At present all four Saint Johns high schools are classified as Grade B by the state results. Somehow the Grade A status of Nease and Bartram, the Grade C of Menendez and Grade D of St. Augustine High a year before have been magically transformed to straight B's in 2007. What happened? Could it be the change in private corporate testing companies, the lingering end to the Jeb Bush era of inertia, the adding of the 'science' dimension to secondary evaluation or simply another reflection of a truly BAD standardized test with little hope of rectifying its methodological jumble?
Or maybe you believe the kids in four different settings just rose or settled to a happy medium in one year?
Whatever the true reason, it is past time that Florida citizens and taxpayers demand their public schools address their standard testing images within the community,state and nation. Yes, I know that Saint Johns Staff are well aware of the methodological and conceptual issues in the test ( as are a majority of the Board I suspect) but that does not change the fact that Saint Johns refuses to be a proactive leader within Florida districts, demanding 'more and better' education progress alternatives than FCAT profiles.
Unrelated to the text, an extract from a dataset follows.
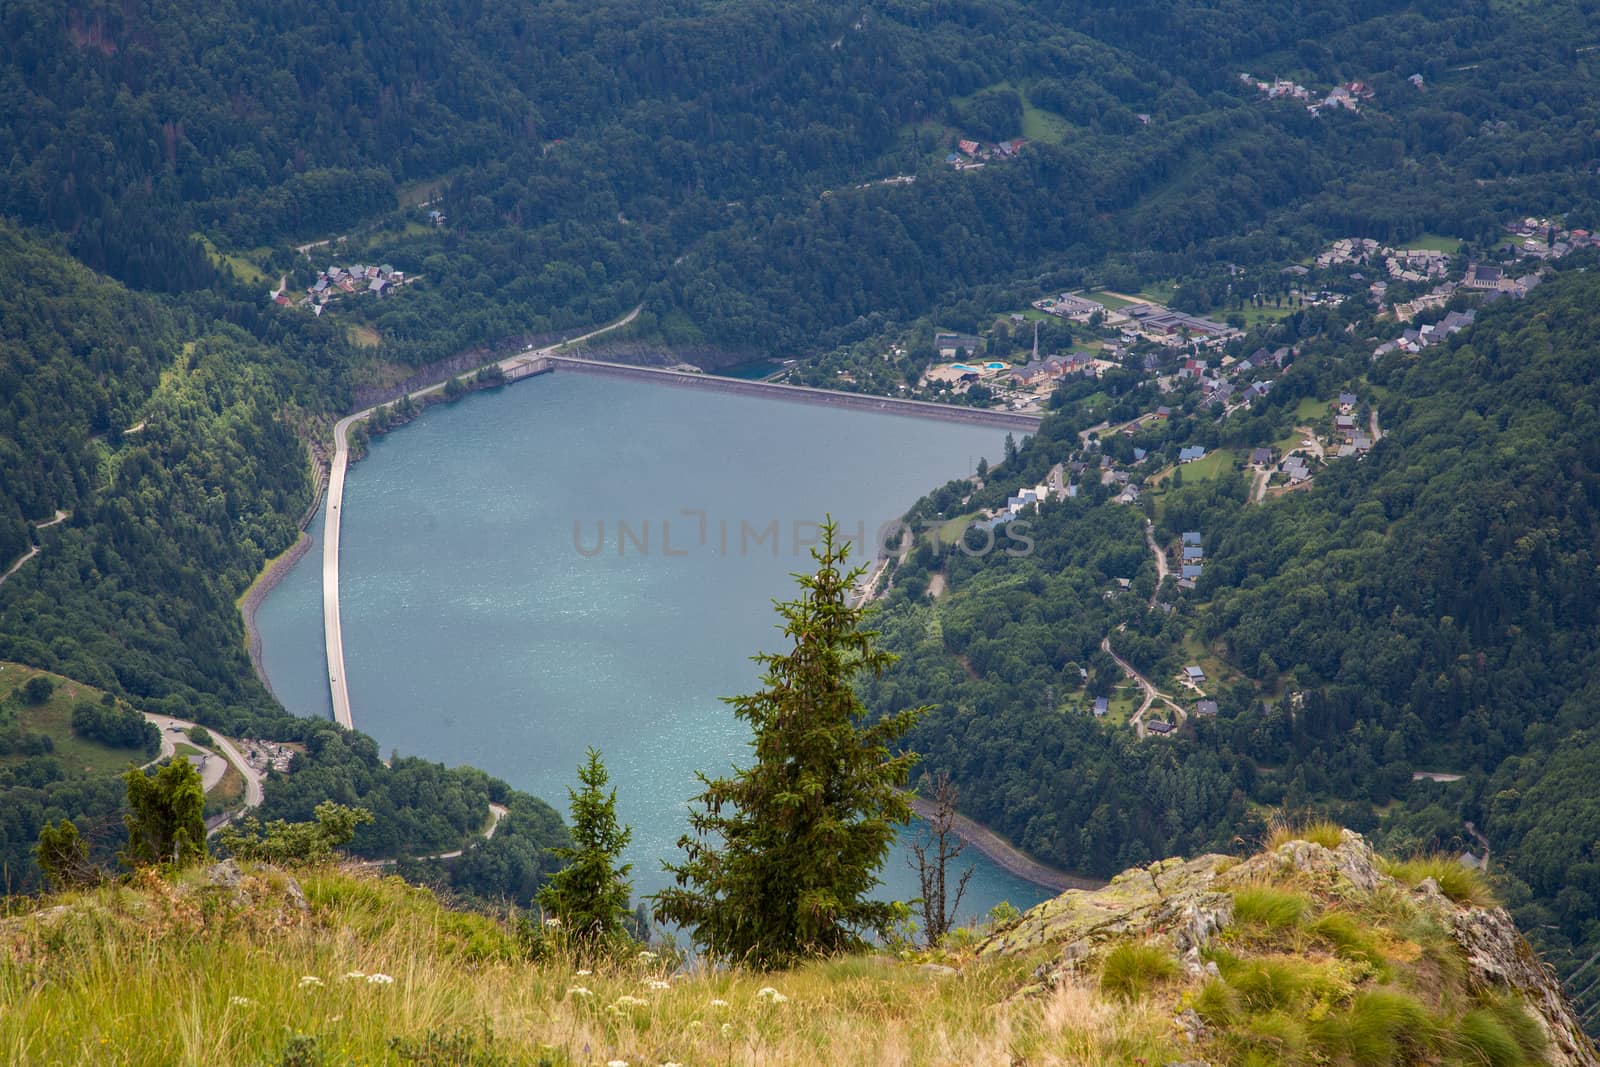 The lower reservoir of Lac du Verney. It is the largest hydroelectric power station in France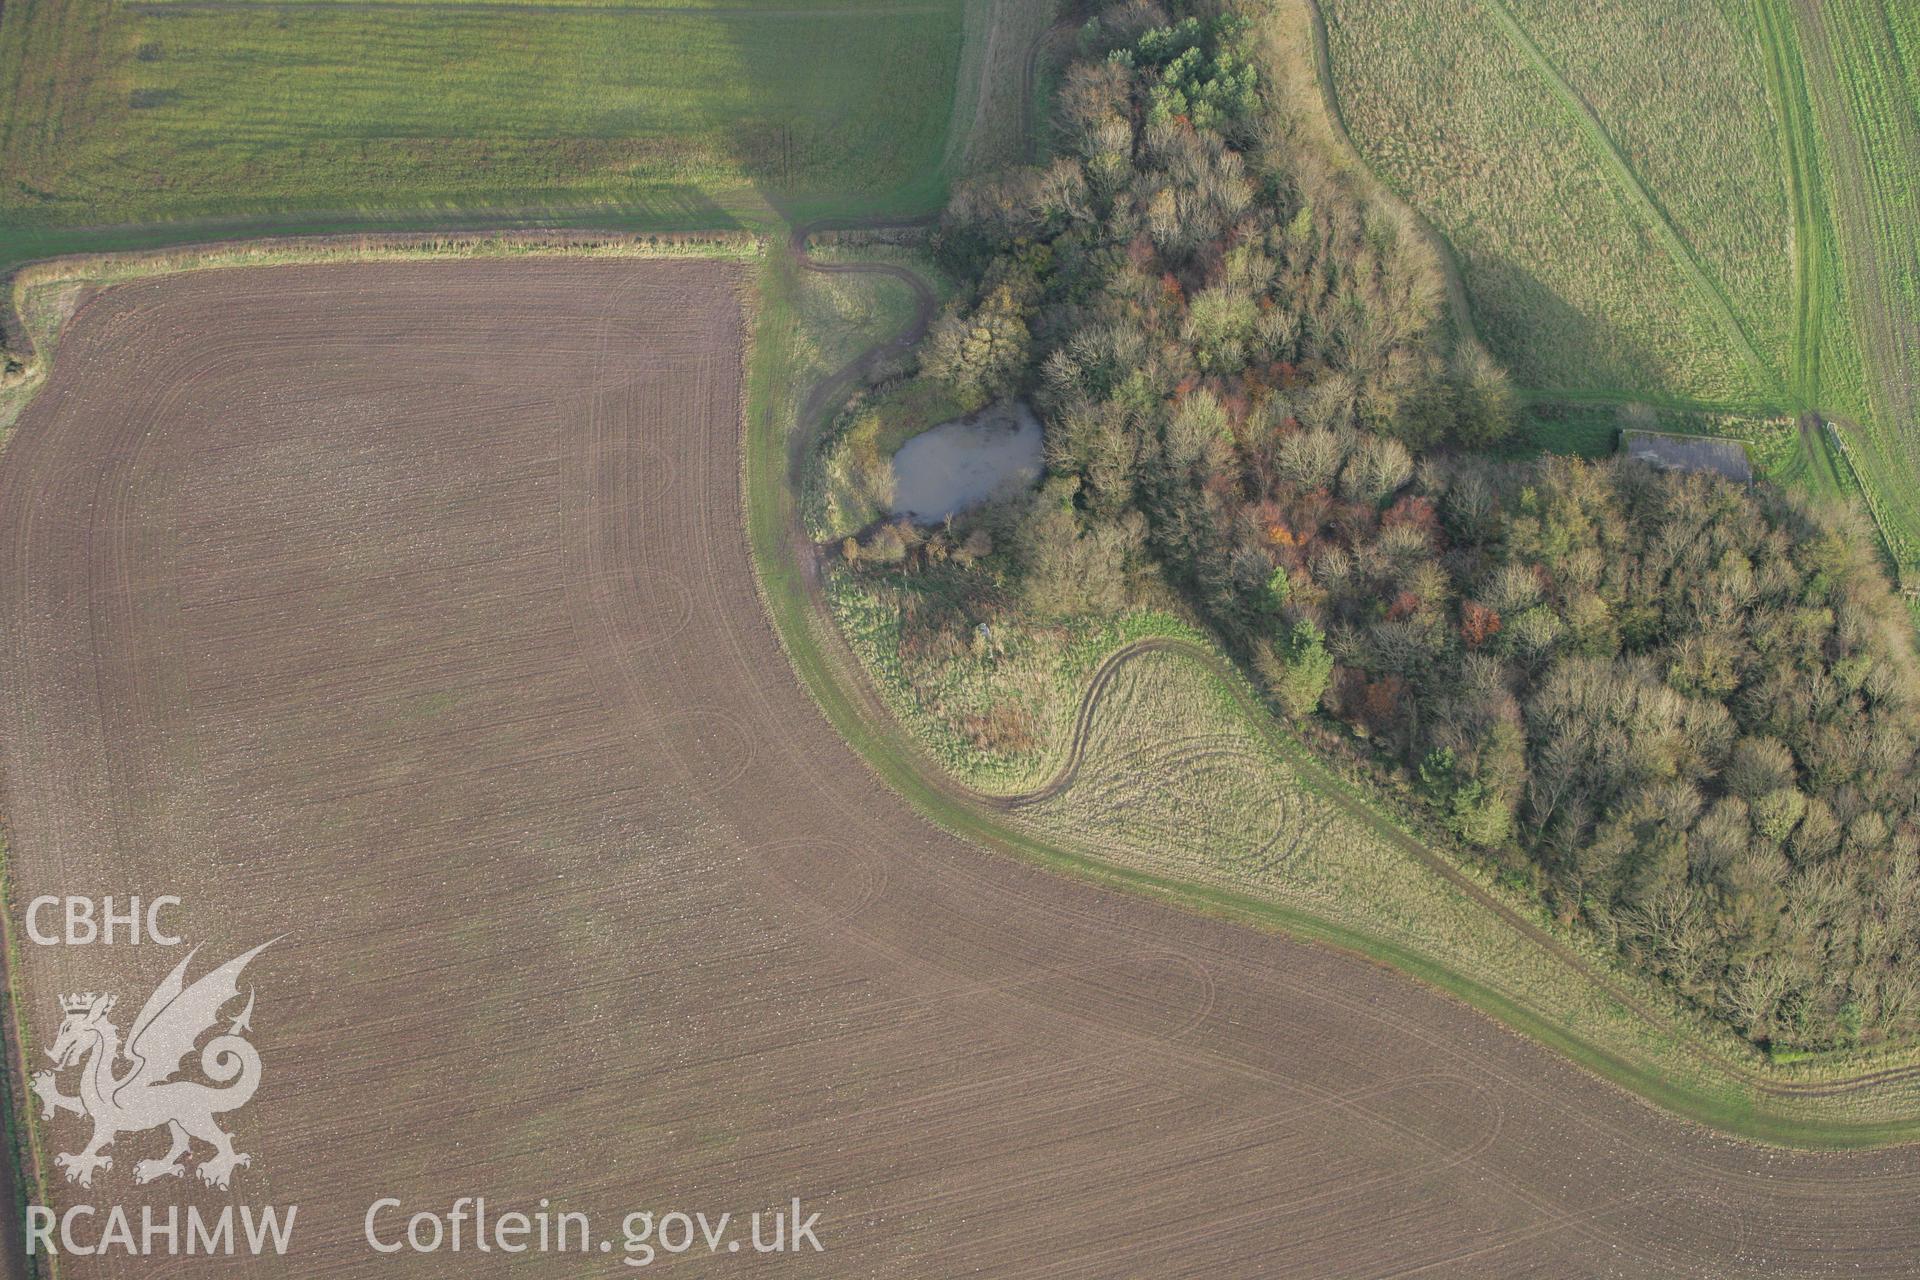 RCAHMW colour oblique photograph of Tythegston Long Barrow. Taken by Toby Driver on 12/11/2008.

The state of Florida now seems to recognize they need help from somewhere else with an adequate evaluative process. At least the New York State PEP and Regents tests have Standards that differentiate 'beginning' from 'commencement' progress. See math and language arts illustrations below.
http://www.albany.edu/~dkw42/math.html
http://www.albany.edu/~dkw42/english.html
And New York Regents offers a spectrum of Subject driven tests for secondary profiles that are a 'tad' better than the generics of Reading, Writing, Math and Science collected on 10 and 11th graders.
And the bottom line is that Professor Dorn's assessment of Florida's FCAT is correct; no prop up by SAT or NAEP (or even Stanford 11) will mitigate the fundamental FCAT methodological flaws apparent since its inception in 1999...with or without A+ obligations.
Saint Johns k12 has been performing in the Top Five of the state since the FCAT inception. A half decade as a Grade A district. This is just the type of k12 jurisdiction that should help all of Florida public education move from its comfortable niche of being about 30th nationally and lead the way in promoting top flight student evaluation and continuous assessment integrity. Demand something better than FCAT.